Translation:It is one size too small for me.

December 27, 2014



Why not the conjunctive "aon mhéid" here?


Aon mhéid without amháin would mean “any size”.


For some reason the slo-mo tortoise did not work with this one. I got there in the end, having listened eight times, but it still sounded like "ro-bheaga don" which had me splitting it into "raibh" and an unidentifiable "bheagadon" which set me off after mastodons" and pteranodons*. It's clearly too early in the morning...


Apparently, the new web redesign shows a "turtle" icon even though Irish doesn't have the option of slowing down the audio.


why is there a hyphen?

I learnt from a connemara-native teacher that ró only takes a hyphen when it is followed by a vowel... (unlike an that always comes with a Hyphen)

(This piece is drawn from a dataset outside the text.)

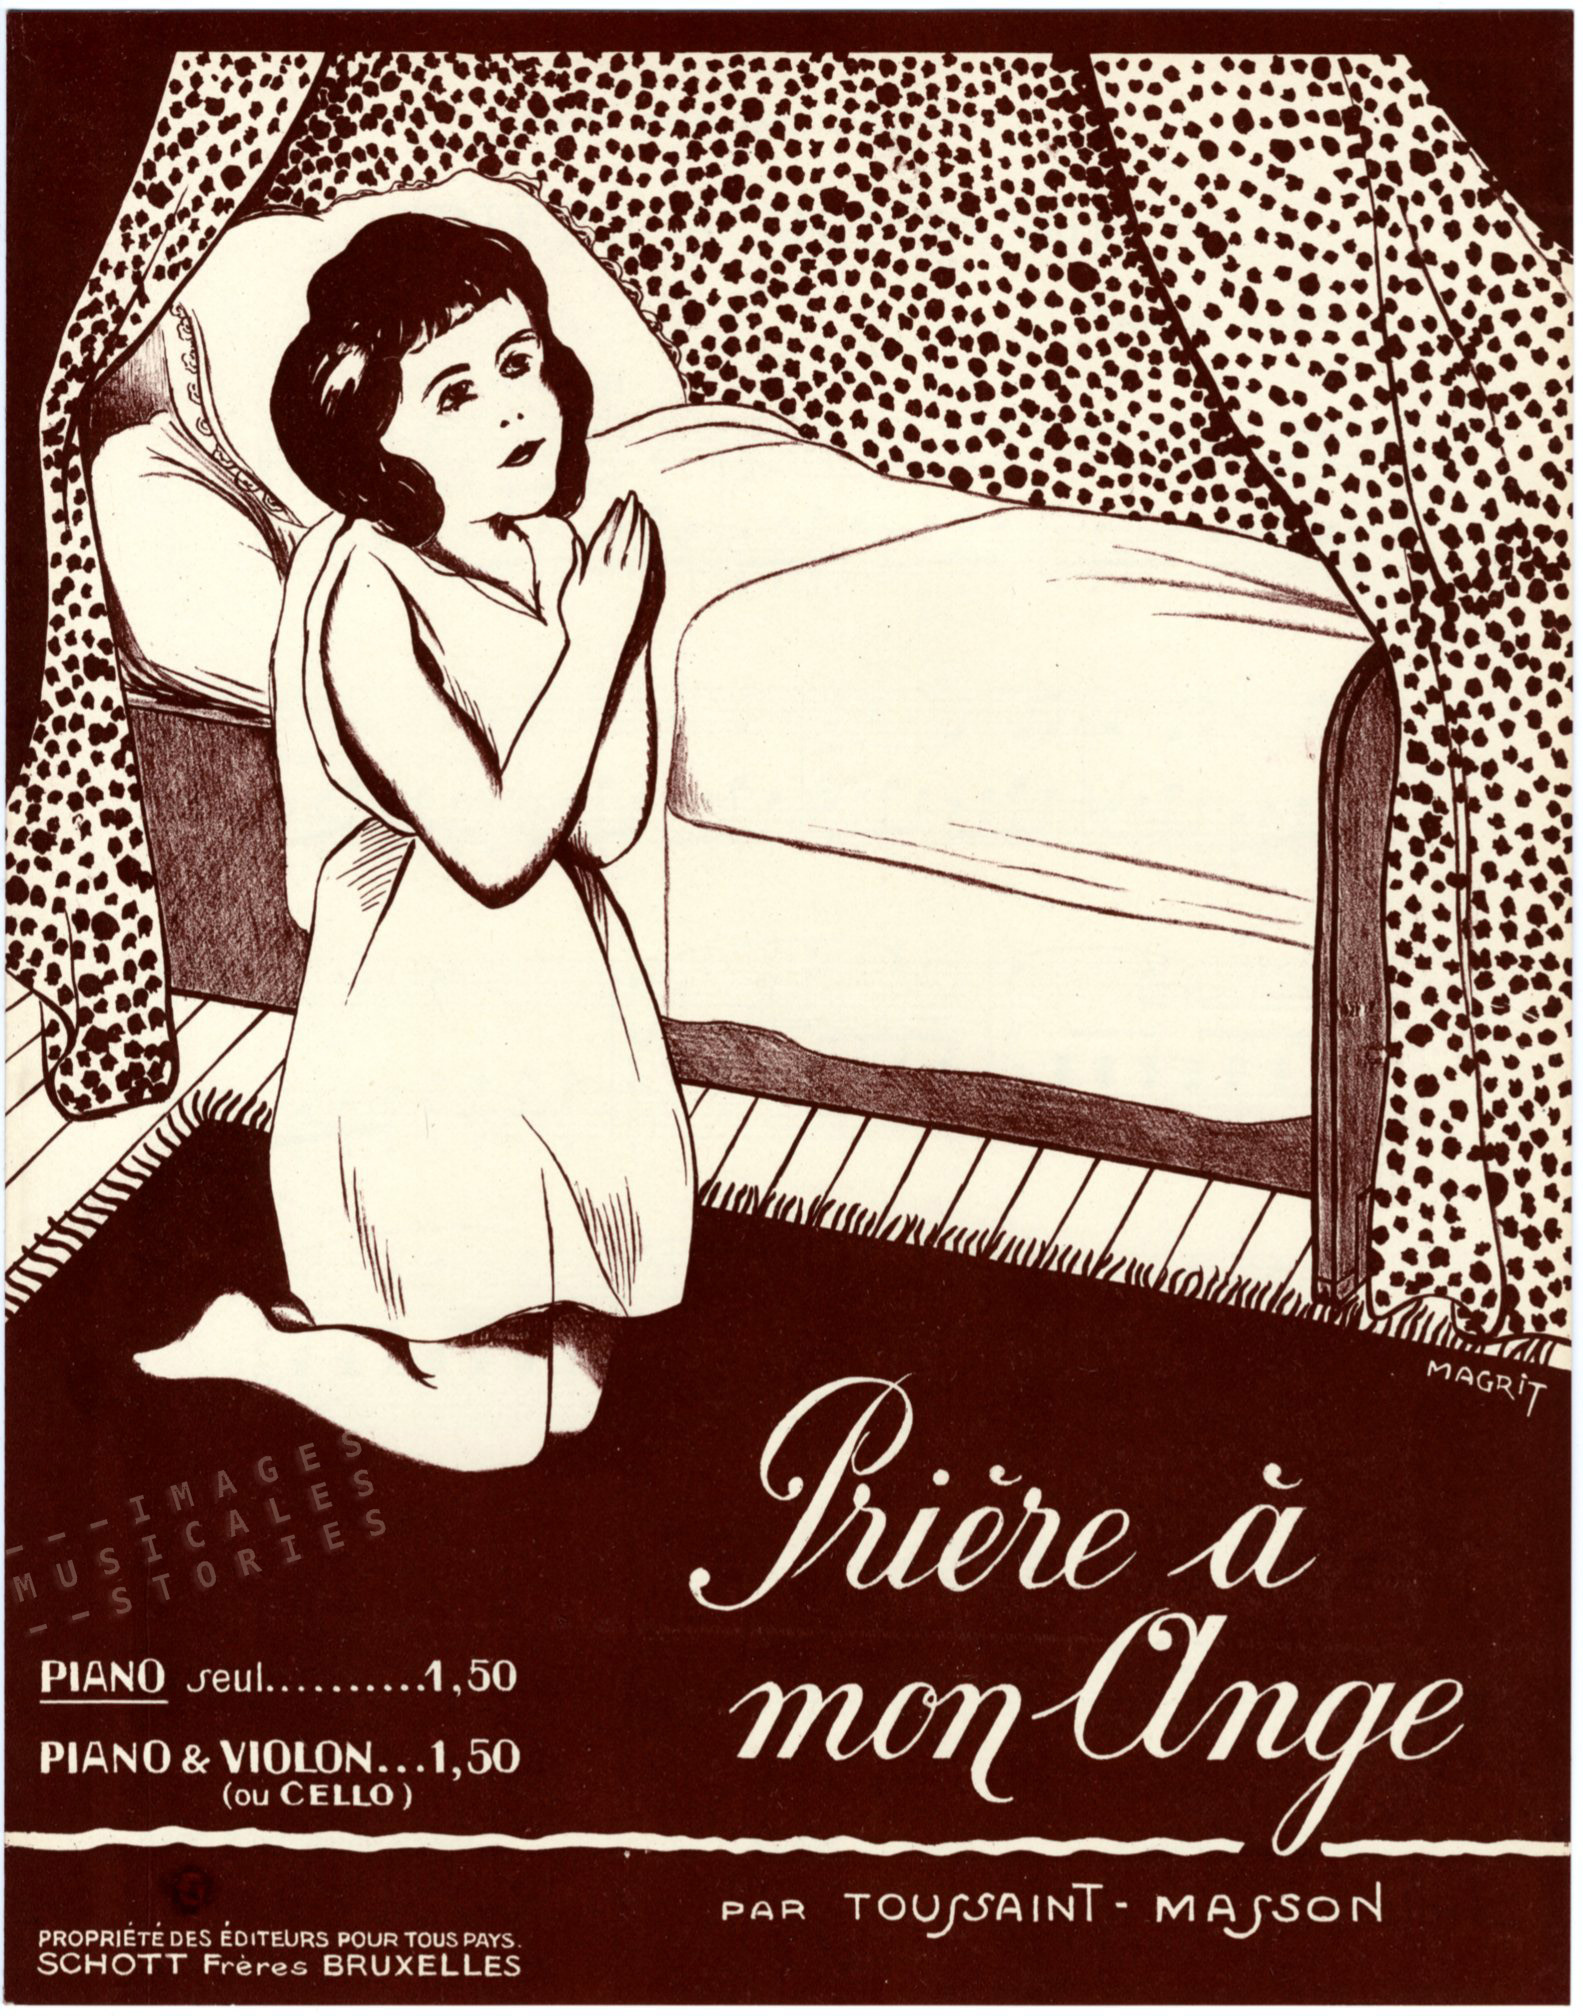 Sheet music cover illustrated by RenÃ© Magritte: 'PriÃ¨re Ã  mon ante' by Toussain Masson (1924)

The entry for in the FGB links to 6 examples of ró- with a hyphen, The first 4 involved ró- as a prefix to a word starting with a vowel (ró-ard, ró-éasca, ró-íochtarach and ró-onórach). But the final 2 use a hyphen when the word starts with a consonant - ró-thais and Ró-Naofa.

The NEID entry for "too" provides links to examples in other entries such as ró-bhéalscaoilte, ró-mhórchúiseach, ró-ghortach and ró-leitheadach.

potafocal.com includes ró-thromchúiseach, ró-léanmhar and ró-scamallach.

The 2016 version of the Caighdeán includes ró-leisciúil.

In most cases, these sources don't use a hyphen between and words that start with a consonant, but there are certainly examples of the hyphen being used by reliable sources. So the hyphen isn't necessary, but it is used at times.